What is the numerical value of side when the perimeter and area of a square are numerically equal?
4 units
Hence, the side of the square is 4 units.
Is the area of a square the same as the perimeter?
Answer: The area of a square is equal to the square of the length of its side and the perimeter of the square is 4 times the length of its side.
Can the perimeter be more than the area?
The perimeter is always bigger except for one (Shape G). The area and perimeter are the same. The same happened if there you have a rectangle that has a length of 6 and a width of 3. Table 3 (they didn’t give their school) looked at finding a shape which has a perimeter numerically twice the area.
How do you find out the perimeter of a square from the area?
Perimeter of Square Using Area of Square
- Step 1: Note down the area of square.
- Step 2: Calculate the side length using the area, Side = √area.
- Step 3: Multiply this obtained value of side length, (√area) by 4 and express the answer in units, Perimeter = (√area) × 4 = 4√area units.
Can a square have the same numerical value for its perimeter and area?
But in order to engage in the problem at all, students must ignore another property of length and area measure: the units differ in dimension and so, though the perimeter and area can “have the same numerical value,” perimeter and area can’t be “equal.” You may need, at times, to make clear that it is permitted to look …
What will be the length of the side of a square if it’s area and perimeter are same?
If the perimeters of a square and rectangle are equal, then: 4s = 2(l+w), where s is the side length of the square (since all sides are equal), and l and w are length and height.

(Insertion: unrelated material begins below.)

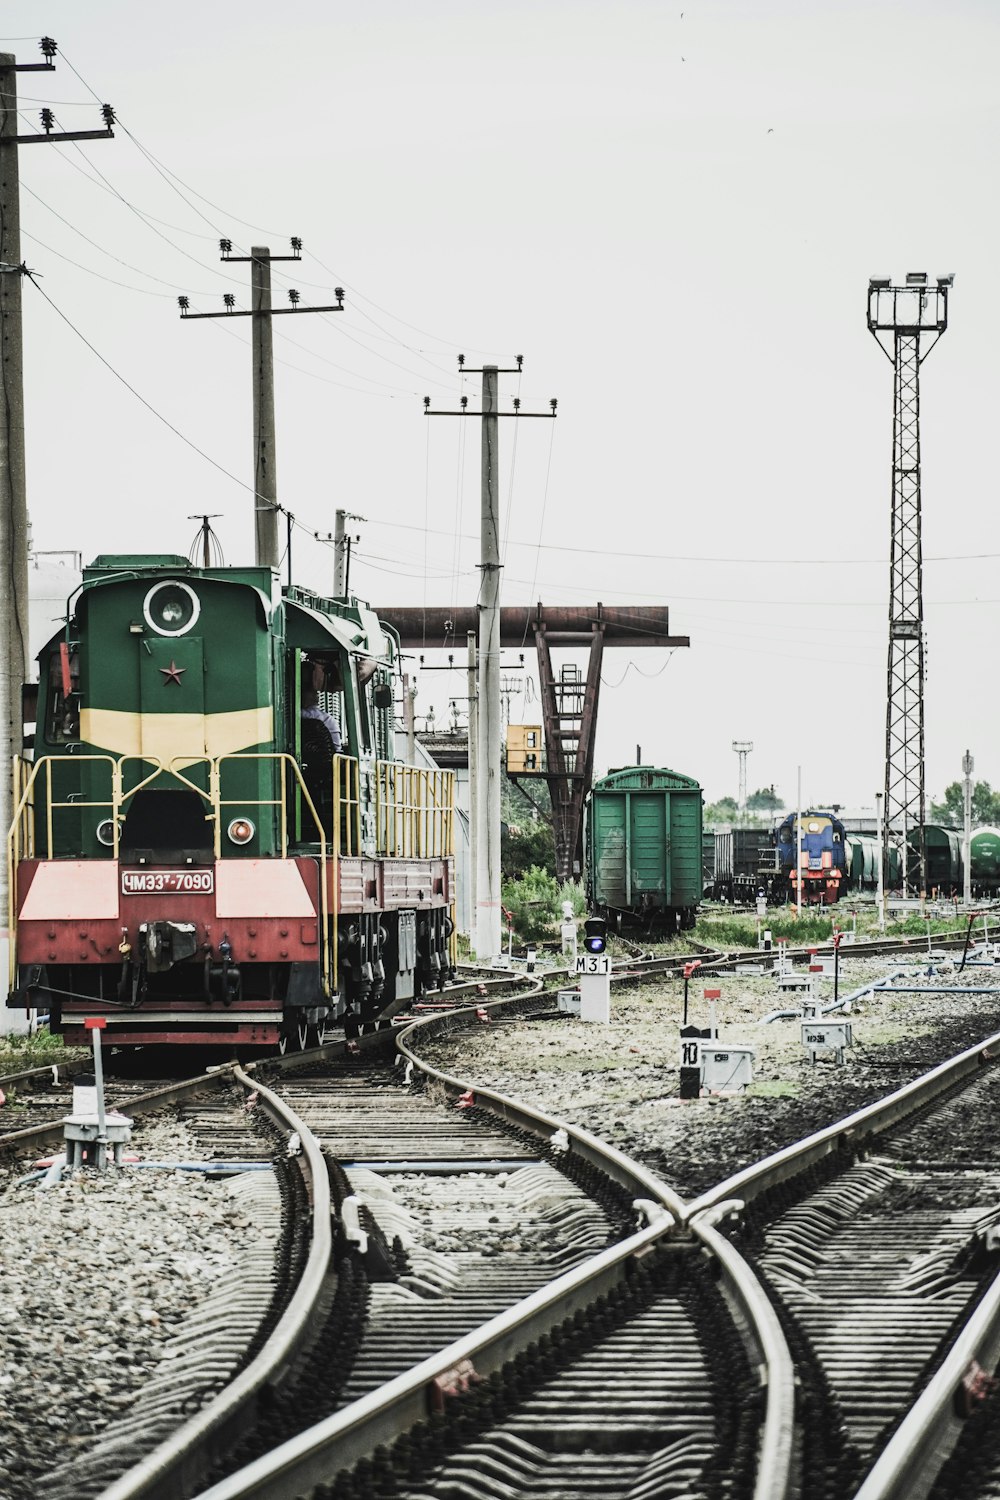 trem verde e amarelo nos trilhos ferroviários durante o dia

Is there a relationship between the area and perimeter?
There is no direct relationship between the perimeter of a rectangle and its area. Each of these rectangles has a different perimeter (24 units, 18 units and 42 units respectively). You would need to know a combination of any two of the following: length, width, perimeter, area.
Is the area of a square always bigger than the perimeter?
Any rectangle will always have more of these blocks exposed to the outside than a square of the same area. This proves that a rectangle will always have a larger perimeter than a square with the same area. This implies that if a rectangle and a square have the same perimeter, the rectangle must have a smaller area.
Does greater perimeter mean greater area?
The short answer: given the same perimeter, a regular figure with more sides will cover more area.
What is the perimeter of the square in Figure 1?
4
Since all sides of a square are equal, we only need one side to find its perimeter. The perimeter of the given square is: a + a + a + a = 4 a units. Hence, the formula of the perimeter of a square = 4 × (length of any one side).
What is the rule of area of square?
Answer) In other words, the area of a square is the product of the length of each side with itself. That is, Area A = s x s where s is the length of each side of the square. For example, the area of a square of each side of length 8 feet is equal to 8 times 8 or 64 square feet.